SaaS Alerts has introduced a major update to its cybersecurity offerings that has the capability to monitor managed services clients for third-party risk. The company already offers automated software as a service (SaaS) security designed to detect and stop unauthorized activity in core customer SaaS applications such as Microsoft 365 and Google Workspace, among others. Now SaaS Alerts is extending those capabilities beyond the core set of applications that it previously protected to any SaaS business application with a viable application program interface (API).
The new capability is called App Wizard, and it allows managed service providers (MSPs) to request integration for any of their third-party applications so that SaaS Alerts can monitor those applications and ensure their security.
That’s a huge advance at a time when so many companies are concerned about mitigating third-party risk.
MSPs Protecting Clients from Third-Party Risk
SaaS Alerts CEO Jim Lippie told ChannelE2E that MSPs can request such integration for any customer business software.
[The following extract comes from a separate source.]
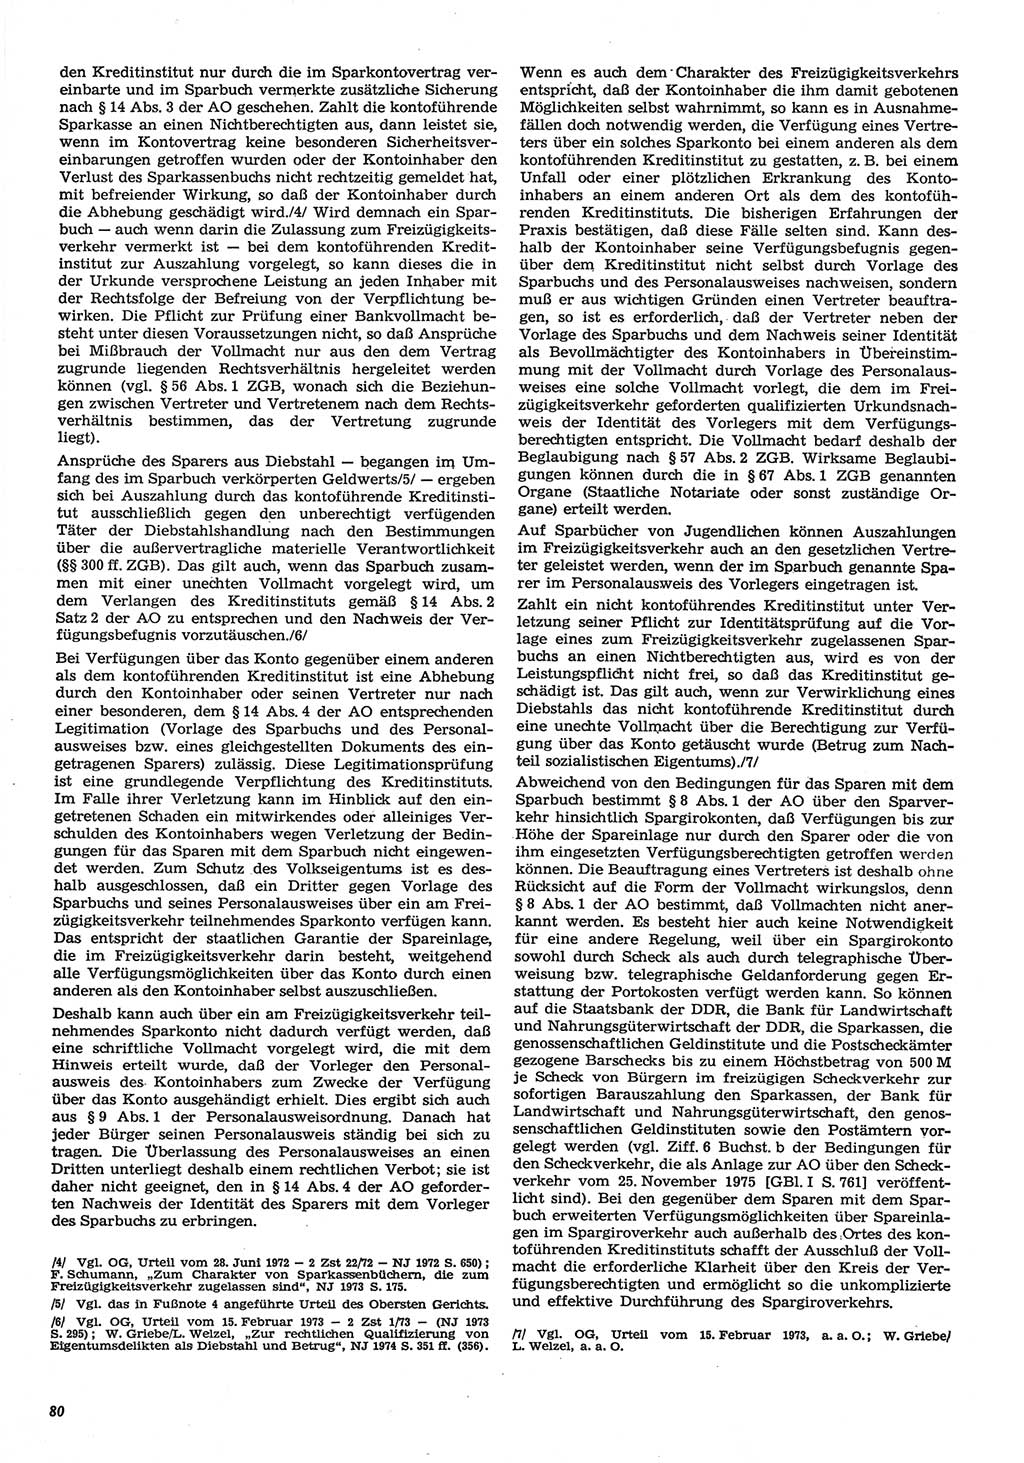 Neue Justiz (NJ), Zeitschrift für Recht und Rechtswissenschaft-Zeitschrift, sozialistisches Recht und Gesetzlichkeit, 31. Jahrgang 1977, Seite 80 (NJ DDR 1977, S. 80)

SaaS Alerts will then determine if that software has a viable API. If it does, SaaS Alerts will be able to enable monitoring of that software within 72 hours for the entire SaaS Alerts community of MSPs.
Lippie believes this is a massive opportunity for MSPs because it enables them to protect their clients’ third-party software. For instance, if there’s a platform specific to law firm vertical markets or dental firm vertical markets, those platforms can gain SaaS Alerts cybersecurity monitoring if they have a viable API.
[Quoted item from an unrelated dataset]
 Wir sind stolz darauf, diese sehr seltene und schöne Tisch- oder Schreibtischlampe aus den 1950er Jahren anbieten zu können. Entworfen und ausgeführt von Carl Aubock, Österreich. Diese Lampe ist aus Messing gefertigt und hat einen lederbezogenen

“This is a massive opportunity for MSPs as more software shifts from on-premises to the cloud,” Lippie said. “This is the next frontier.”
Viable API Definition
What does a viable API mean in this case? Lippie said that there are a lot of APIs that are comprehensive and well put together but that are not viable for security monitoring purposes. In this case, viable APIs are ones that provide security log data. This technology will only work with APIs that provide security log data.
In an age when third-party risk is at top of minds for so many businesses, the pressure is on for cloud software vendors to provide APIs that fit this profile.
Industry Petition and Campaign
The pressure is starting with a campaign from SaaS Alerts itself. Lippie said the company is launching an “I want my SaaS Alerts” campaign to encourage the software community to start including security log data in their APIs.
A petition was launched on December 4, and SaaS Alerts is hoping to collect signatures of 2,500 MSPs, representing an estimated 250,000 small businesses. MSPs who would like to support this effort are encouraged to sign the “I want my SaaS alerts” petition here.
SaaS Alerts hopes to collect enough signatures by March 8, the date of the Right of Boom cybersecurity event for MSSPs and MSPs, and then present the petition to some of the world’s leading software companies.
For instance, Intuit’s Quick Books Online is the top application requested for integration with SaaS Alerts, but Intuit does not offer an API that provides security log data, Lippie said. The platform API does not collect data about who is logging in, where they are logging in from, what are they looking at, and what are they taking.
“Those are the four most important things when we are looking at the security behavior associated with an application,” Lippie said.
“We want the help of the entire MSP community to help us bring awareness to this issue,” Lippie said. “There’s a lot of really great applications out there that don’t have the security log data available in them.”
API Standards
Lippie said that there’s no API standard out there today that applies to providing security log data in the actual API. But many software companies, particularly big ones, provide security log data already in their APIs. Those include Microsoft 365, Google Workspace, Salesforce, Dropbox, and Slack.
Early on, Lippie said, SaaS Alerts decided it wanted to monitor security log data in the top platform category used by every MSP out there -- RMM software (remote monitoring and management).
“But when we looked at the APIs of some of those applications, the information wasn’t there for us,” Lippie said. To remedy the situation, SaaS Alerts worked with the major players including ConnectWise, Kaseya, and N-able. They also worked with Syncro and Ninja.
“Now we have all that information available to us so that we can monitor those applciations on behalf the community,” Lippie said. “Our hope is that by creating awareness around this issue, we can influence other leading software companies to incorporate this information so we make the entire industry and community stronger.”